Most patients with hip fractures are elderly patients with comorbidities, and well-managed pain management is associated with positive postoperative outcomes. In recent years, new indications for regional anesthesia techniques have been defined, and they have found more place in clinical practice. Herein we investigate the effect of US-guided PENG block on positioning pain and compare that effect to intravenous opioid in patients undergoing surgery under spinal anesthesia for hip fractures. Additionally, we sought to investigate the effect of PENG block on pain scores, opioid intake, time to first analgesic requirement, and quality of recovery within the first 24 h following surgery.

Methods

In this study, patients were divided into the PENG (n = 42) and control group (n = 42) one hour prior to surgery. A team who was blinded to the assigned groups, collected and evaluated all data such as spinal anesthesia positioning pain, postoperative pain, opioid requirement.

Results

Patients that underwent PENG had statistically significantly lower NRS scores after interventions, immediately before positioning, at positioning and at end of spinal anesthesia. Pain scores during positioning for spinal anesthesia were statistically significantly lower in the PENG group than in the control group (p < 0.001). Total morphine use over the first 24 h was extremely statistically significantly lower in the PENG group (p < 0.001).

Conclusions

Positive outcomes of PENG block in patient positioning pain before spinal anesthesia, postoperative pain scores, and morphine consumption are consistent with similar studies. High patient satisfaction in patients who underwent PENG block contributes to the literature.

Trial Registration

ClinicalTrials.gov Identifier: NCT04871061

Hip fracture surgery is a common orthopedic procedure, especially in elderly patients [1]. These fractures are quite common in adults aged 65 and older, and the one-year mortality rate is fairly high, ranging from 12–37% [2]. Recent studies have suggested that general anesthesia and spinal anesthesia are not superior to each other in patients undergoing hip fracture surgery [3, 4].

Untreated/poorly managed perioperative pain is directly linked to delirium, bad prognosis, and secondary chronic pain in hip fracture patients [5]. Therefore, when considering associated mortality, morbidity, and early recovery, the control of perioperative pain should be one of the anesthetist’s highest priorities, regardless of the anesthetic modality used.

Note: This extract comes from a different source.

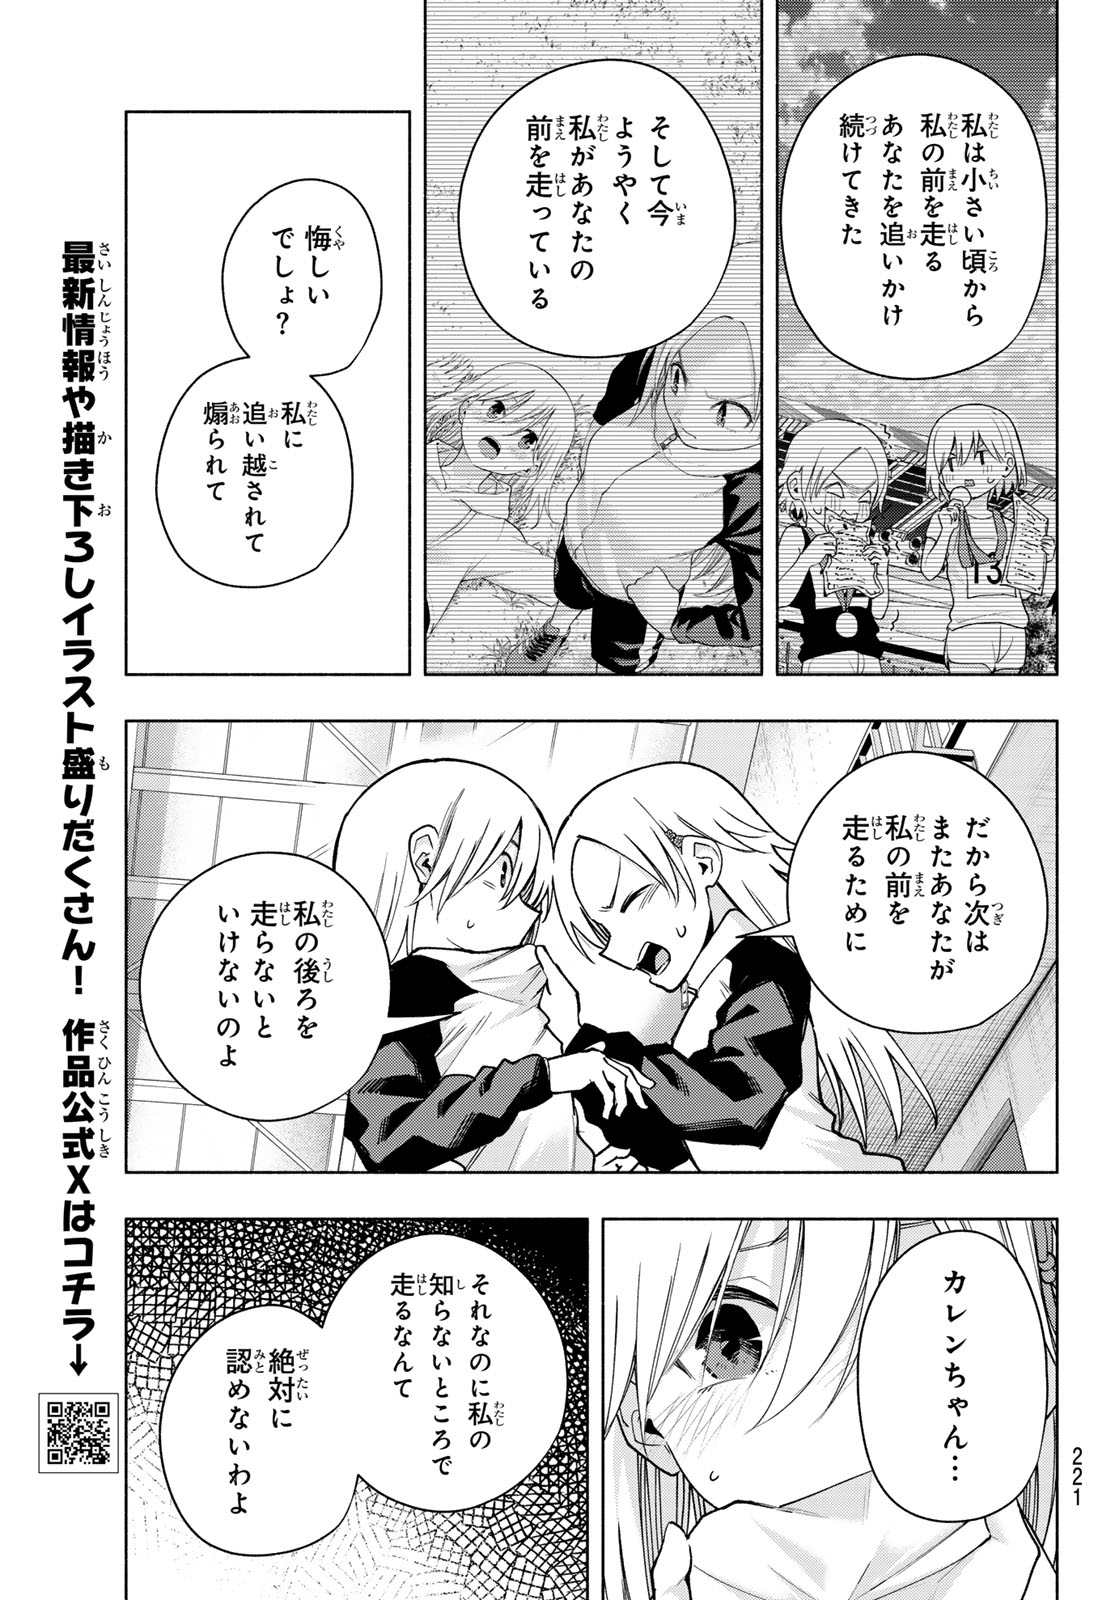 Amagami-san Chi no Enmusubi - Chapter 143 - Page 11

Ultrasonography-guided (US-guided) regional anesthesia techniques are frequently used as part of a multimodal plan in the management of perioperative pain in patients with hip fractures. One of the most recently described blocks used in hip fracture surgery, US-guided pericapsular nerve group (PENG) block aims to directly block the articular branch of the femoral nerve, the articular branch of the obturator nerve and the accessory obturator nerve that selectively innervate the anterior aspect of the hip capsule [6]. Case reports and a limited number of clinical studies have reported PENG block as being effective in management of acute fracture-related pain, neuraxial anesthesia positioning pain, and postoperative pain in hip fracture patients [7].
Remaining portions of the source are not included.